My parents fostered a sense of family at each embassy, inspiring camaraderie even under dangerous circumstances, as they did in Guinea, in West Africa, in 1970. One morning, Portuguese gunships loomed off the coast, determined to halt Guinean support for the liberation movement in neighboring Guinea-Bissau. After they began firing, embassy staff assembled at our house and spent the night on the living-room floor. My mom calmly opened cans of food for the overnight visitors. She was fearless.

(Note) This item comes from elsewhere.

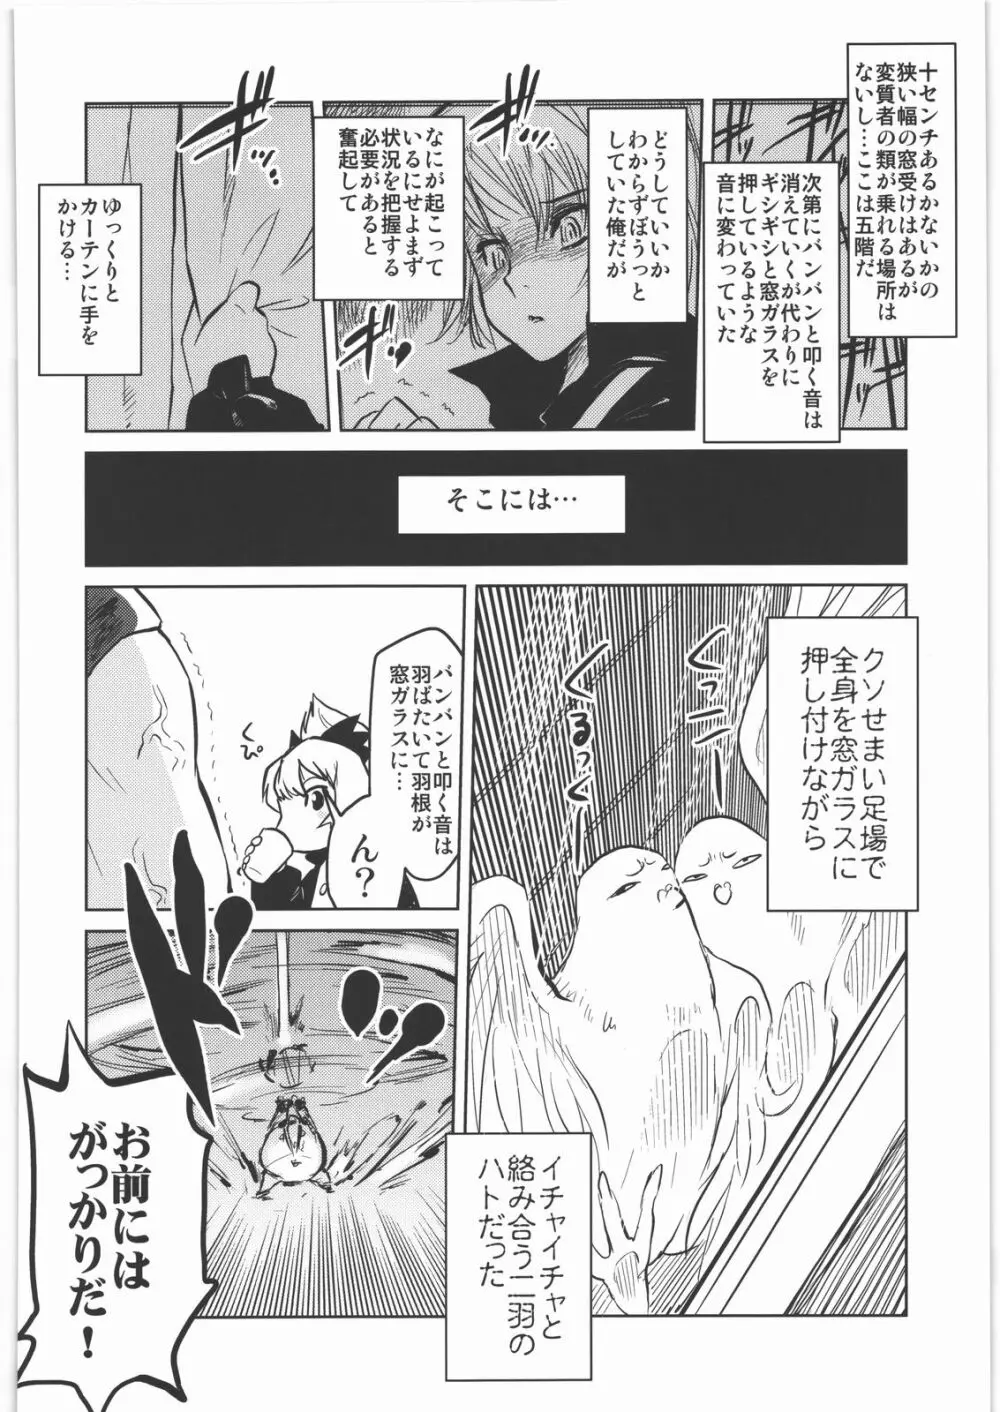 甲冑通信 弐之號 Page.45
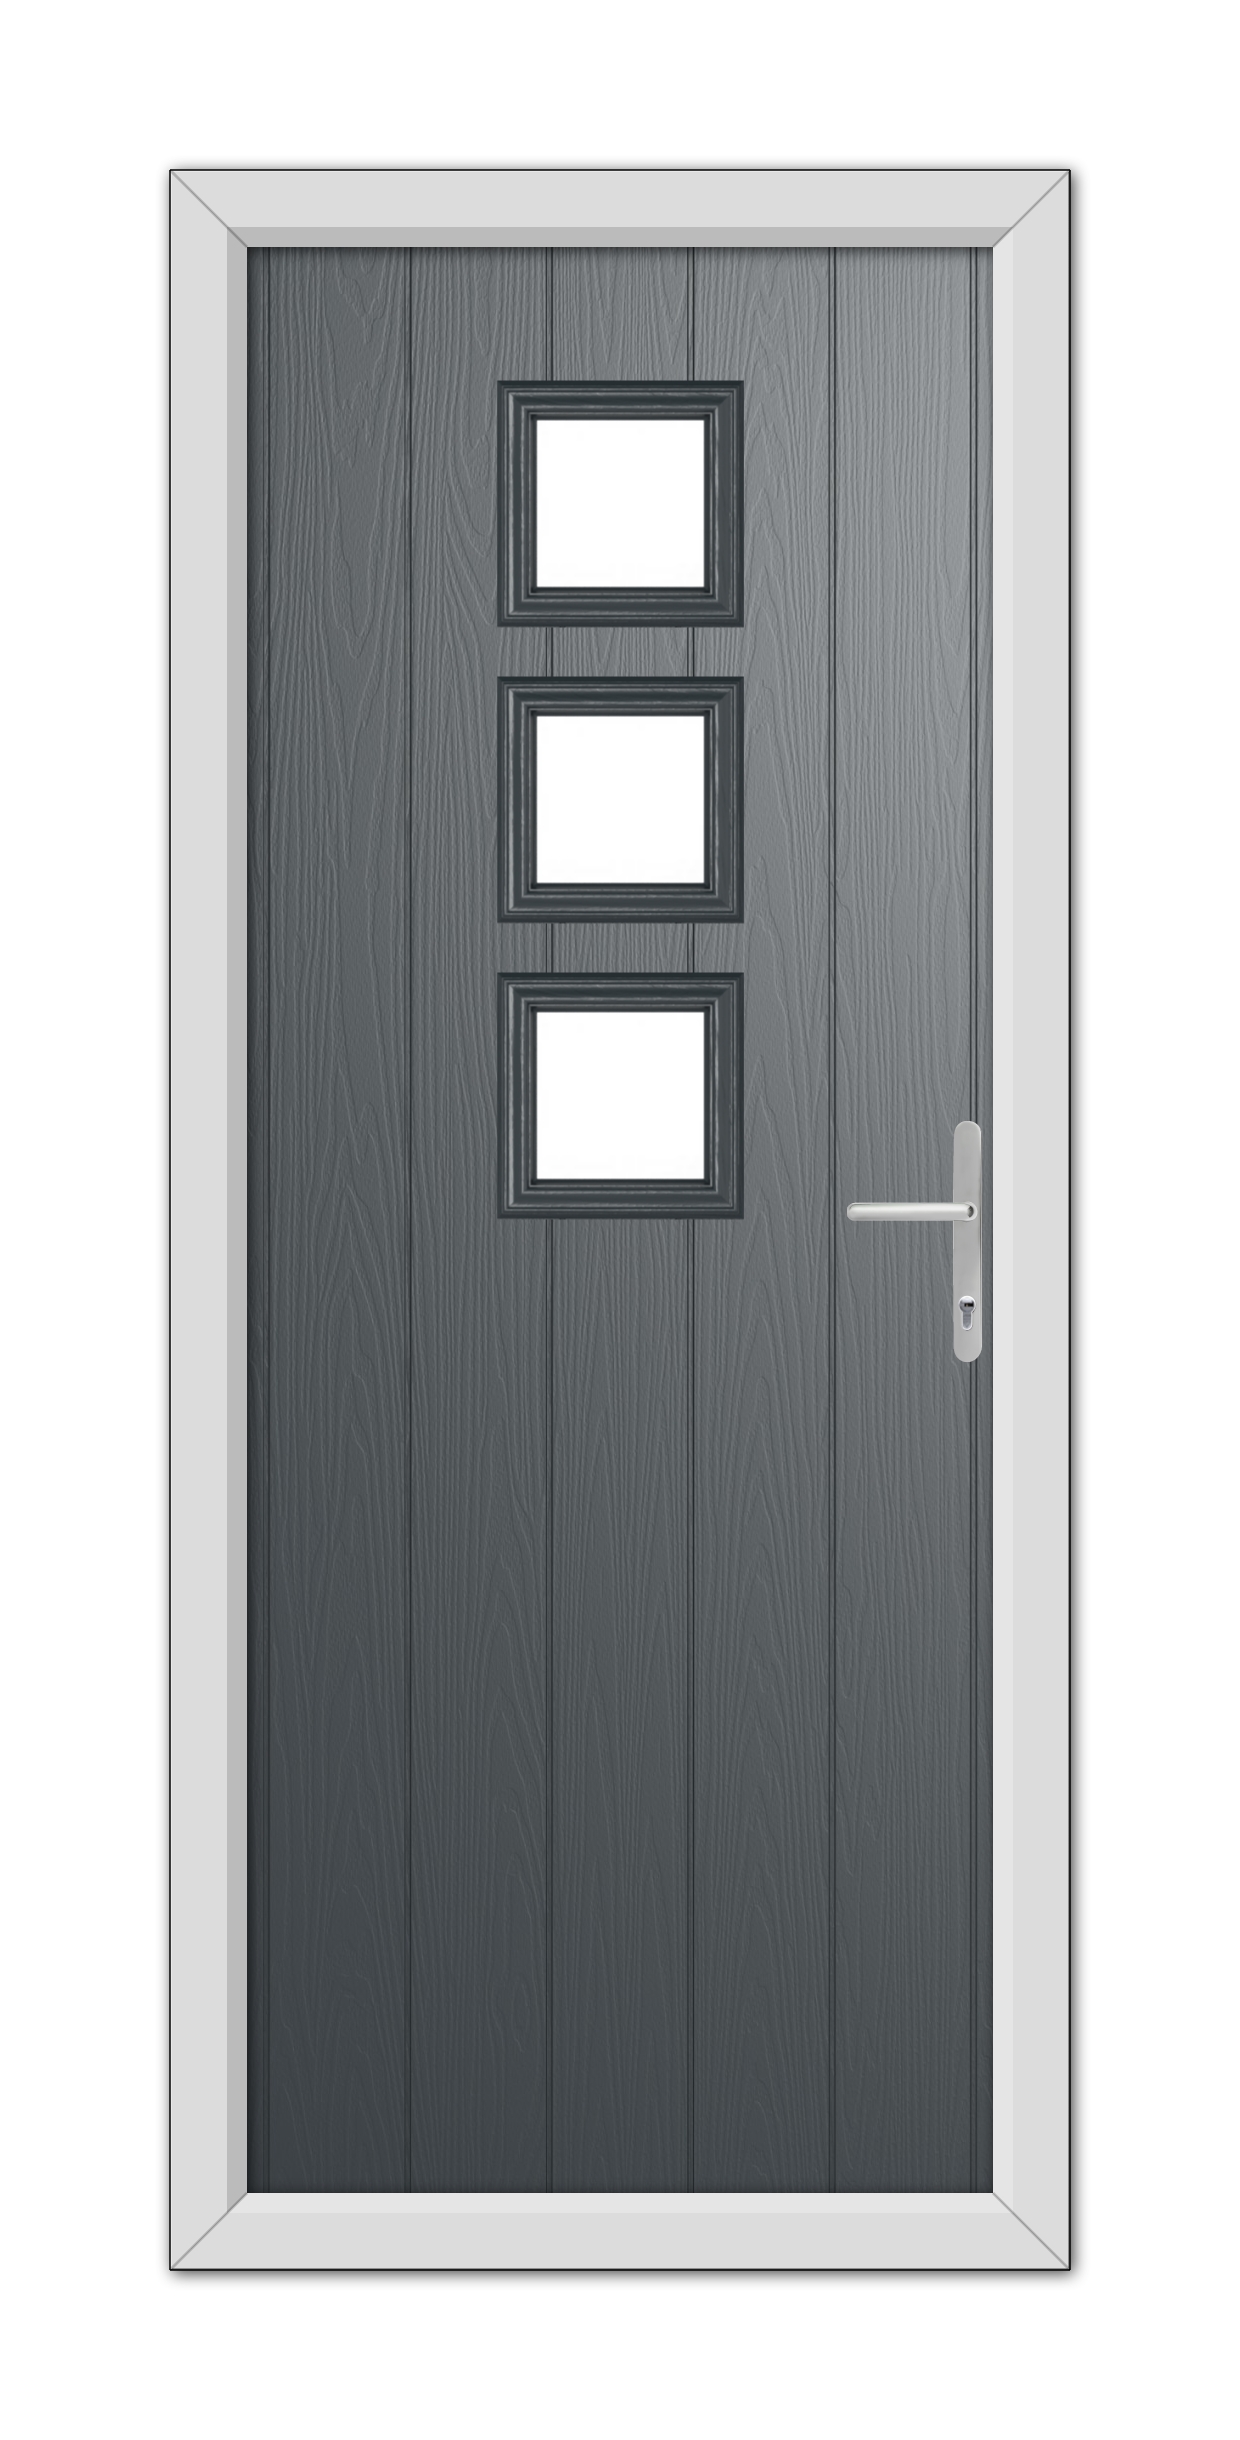 A modern Anthracite Grey Montrose Composite Door 48mm Timber Core with three rectangular glass panels and a silver handle, set within a light gray frame.

An article she wrote in the Foreign Service Journal, “Evacuation from N’djamena,” described how she, dad and colleagues survived four days of violence during Chad’s civil war.
I thought mom was courageous to remain in Morocco for my brother Richard’s birth, and in Abidjan for mine — lore had it she was one of the first foreign women to give birth after Côte d’Ivoire gained independence from France in 1960. She was also resourceful. Among the relentless representational events my parents hosted over the years, one of her favorites was a sizable Fourth of July party in the wilting heat of Abidjan, equipped with only one small refrigerator.
I was also drawn to diplomacy because my parents, despite the peripatetic lifestyle, nurtured family ties and friendships along the way, staying in touch with college roommates and Foreign Service colleagues — they remained friends with many for more than four decades.